Firstly it is a pleasure to speak to you, Olivier - we've enjoyed seeing your work in our site gallery for a while now. I'm going to start with an easy one: can you tell us a little about yourself and how you got to where you are today?
I'm a French 3D environment modeler and scene assembler currently working at Blur Studio in Los Angeles. After four years at Supinfocom (a 3D school) I started to work at Cryo Interactive in Paris (a games company). I spent three years there. After some relatively good experiences in smaller companies, I was hired at MagicLab as an environment modeler to work on a Ghost Recon-Advanced Warfighter trailer, which I believe had quite a lot of success. Then I was contacted by a previous co-worker (Jerome Denjean) who had been already working at Blur Studio for four years. He offered me a job at Blur, which is based next to the beach. It was hard to say no!
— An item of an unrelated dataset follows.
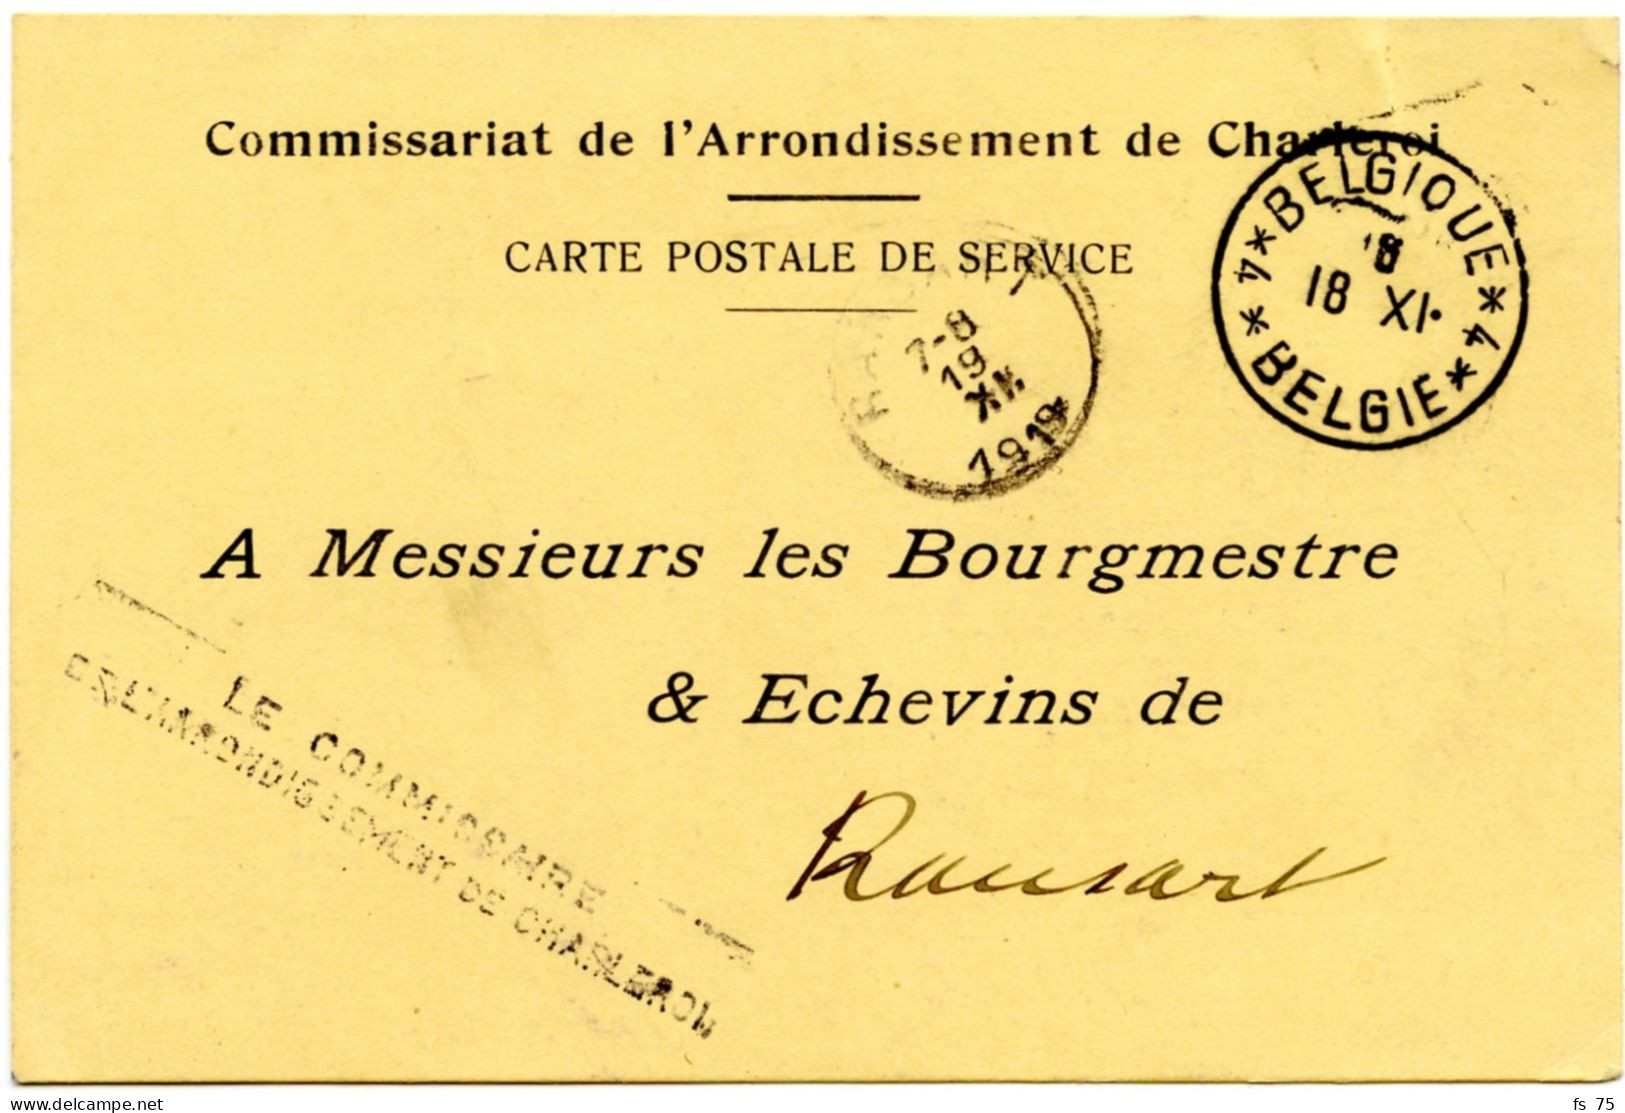 BELGIQUE - SIMPLE CERCLE BILINGUE 4 * BELGIQUE * 4 SUR CARTE EN FRANCHISE DE CHARLEROI, 1919 - Covers & Documents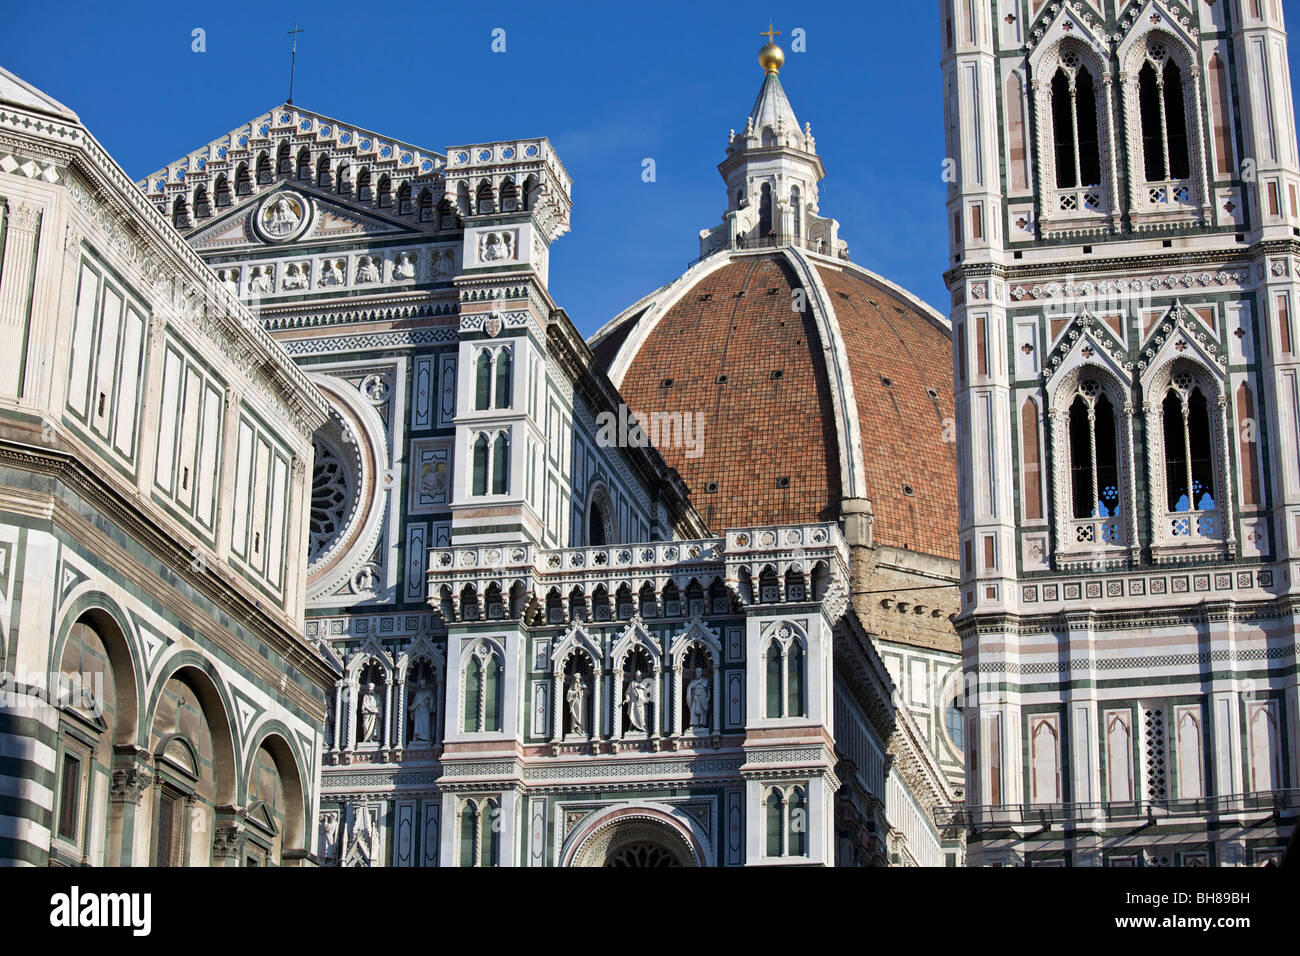 Santa Maria Del Fiore, Batistero San Giovanni, and Giotto's Campanile, Florence, Italy Stock Photo

What has really impressed us in the office is your ability to create huge scenes with flawless texturing and lighting. Can you tell us a little about your processes?
Wow, thanks! Well, most of the time for my personal projects I define a framing and never change it until the end, so I can do as many tricks as I want since there's only one camera and it's not moving. Whereas with professional projects I use lots of cameras and view angles; it's a different way of working.
When modeling and texturing large exterior scenes I try to adapt the level of detail according to the distance from the camera (except maybe for instanced objects or proxies). In the real world, as the distance is increasing shapes tend to be more abstract and complex, which can be a real challenge to do in 3D, not to mention that the area covered becomes enormous too. But I like to do most of my work in 3D, with some minor changes in 2D. I find it more interesting that way.
As for lighting, for exterior scenes it's usually very simple: sun and a skylight. I use a more complex light setup for night scenes, but so far it has always been easier for me to light exteriors than interiors. Moreover doing everything in 3D makes things a lot easier lighting-wise.
It often seems like your scenes are very well planned and the composition and camera placement work very well. Do you ever sketch or create concept work, or do you use references?
Over the last few years most of my personal projects have started with some assets I created for my professional work. I find it's a good way to do things that I never thought I would do, like a nuclear plant or a prison cell! Otherwise I would only make natural landscapes. So I don't really need the preliminary step, I go directly into Max. I like to play with some primitives in 3D to get a quick view of what I have in mind. On the other hand, when I get an idea I spend a lot of time searching for references. And I did do a
quick sketch for the personal project I've been working on since last year, because this time I started from scratch.
It appears that you have worked on a lot of really big projects, particularly in the gaming industry. Are there any projects that stand out as being a lot of fun, or anything that you would change if you did it again?
I'd say the Ghost Recon game trailer was the most interesting project for me. Not that I like the subject of US soldiers killing dozens of Mexican soldiers. It was interesting from the beginning because of the freedom I had. I was just asked to make a street in a relatively poor neighborhood in Mexico City, so no concept design, only some reference movies given by Ubisoft. As I started to gather photo reference it became more and more interesting and it eventually ended up being a personal project after the trailer was done.
Sometimes we find that sitting in front of a computer all day can be a little draining. What do you enjoy doing in your spare time to get away from the screen?
Now that I have a little boy I like to spend some time with him and my wife, going out for a walk, playing together, simple things like that! Otherwise I like nature, in general, and biking.